Needed to post you this little bit of remark just to thank you again for the wonderful thoughts you have documented on this page. It is certainly wonderfully open-handed with you to make freely all that a lot of people would’ve sold for an ebook to make some cash for themselves, notably considering that you could possibly have tried it if you ever wanted. The inspiring ideas as well served to be a easy way to know that other individuals have similar interest like my own to learn a good deal more on the topic of this condition. Certainly there are many more pleasurable instances in the future for those who browse through your blog post.
A lot of thanks for your own labor on this blog. Kate take interest in participating in internet research and it’s simple to grasp why. A lot of people hear all about the dynamic manner you create good thoughts via your blog and as well as strongly encourage response from other individuals on the matter so our favorite girl has always been understanding a lot of things. Take pleasure in the rest of the year. You’re the one carrying out a really great job.

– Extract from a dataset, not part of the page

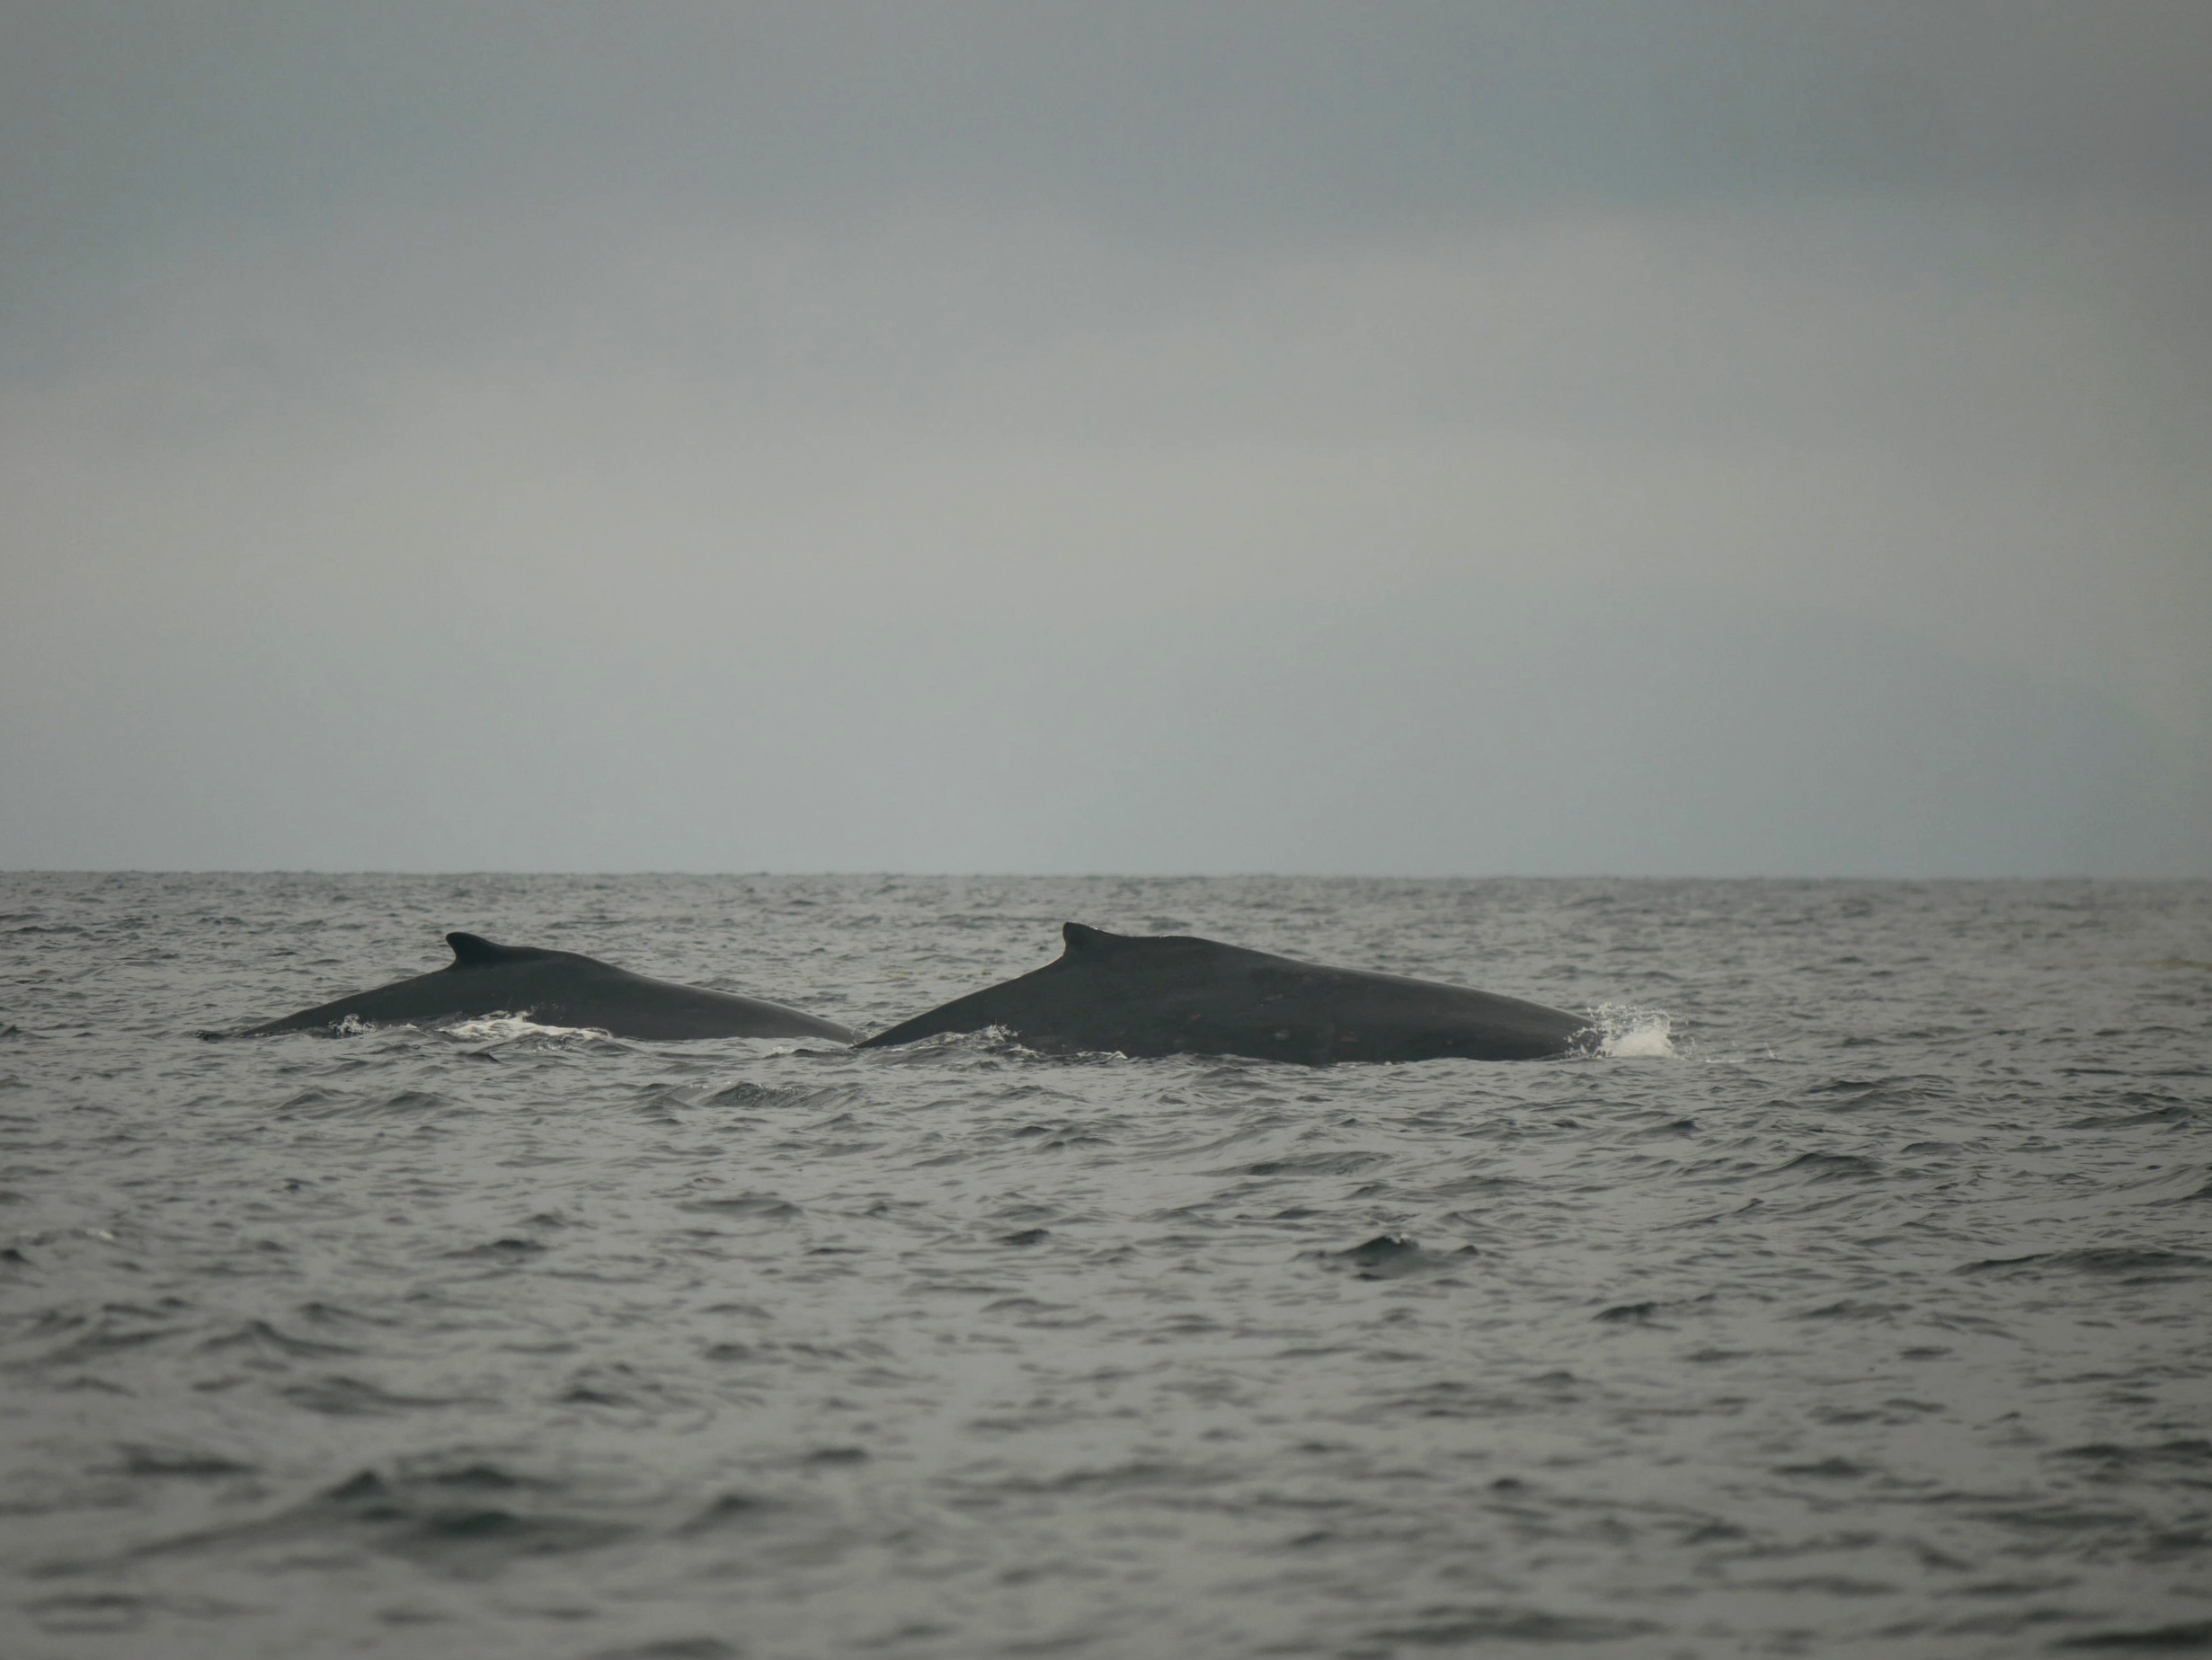 Two humpbacks is double the fun! Photo by Alanna Vivani

I together with my buddies ended up reading through the great ideas on your web page then all of the sudden I had a terrible feeling I never expressed respect to the site owner for those techniques. All the young men became so very interested to see them and already have very much been tapping into these things. I appreciate you for indeed being quite thoughtful and for figuring out such beneficial guides millions of individuals are really eager to discover. Our own sincere regret for not expressing gratitude to sooner.
Thank you for all your valuable effort on this site. Kim really loves setting aside time for research and it is easy to see why. My partner and i hear all concerning the compelling manner you convey reliable ideas on this web site and even invigorate contribution from other individuals on the subject matter plus our princess is now discovering a great deal. Take advantage of the remaining portion of the year. Your performing a powerful job.
I discovered your blog web site on google and test a couple of of your early posts. Continue to maintain up the excellent operate. I simply further up your RSS feed to my MSN News Reader. Looking for ahead to studying more from you afterward!?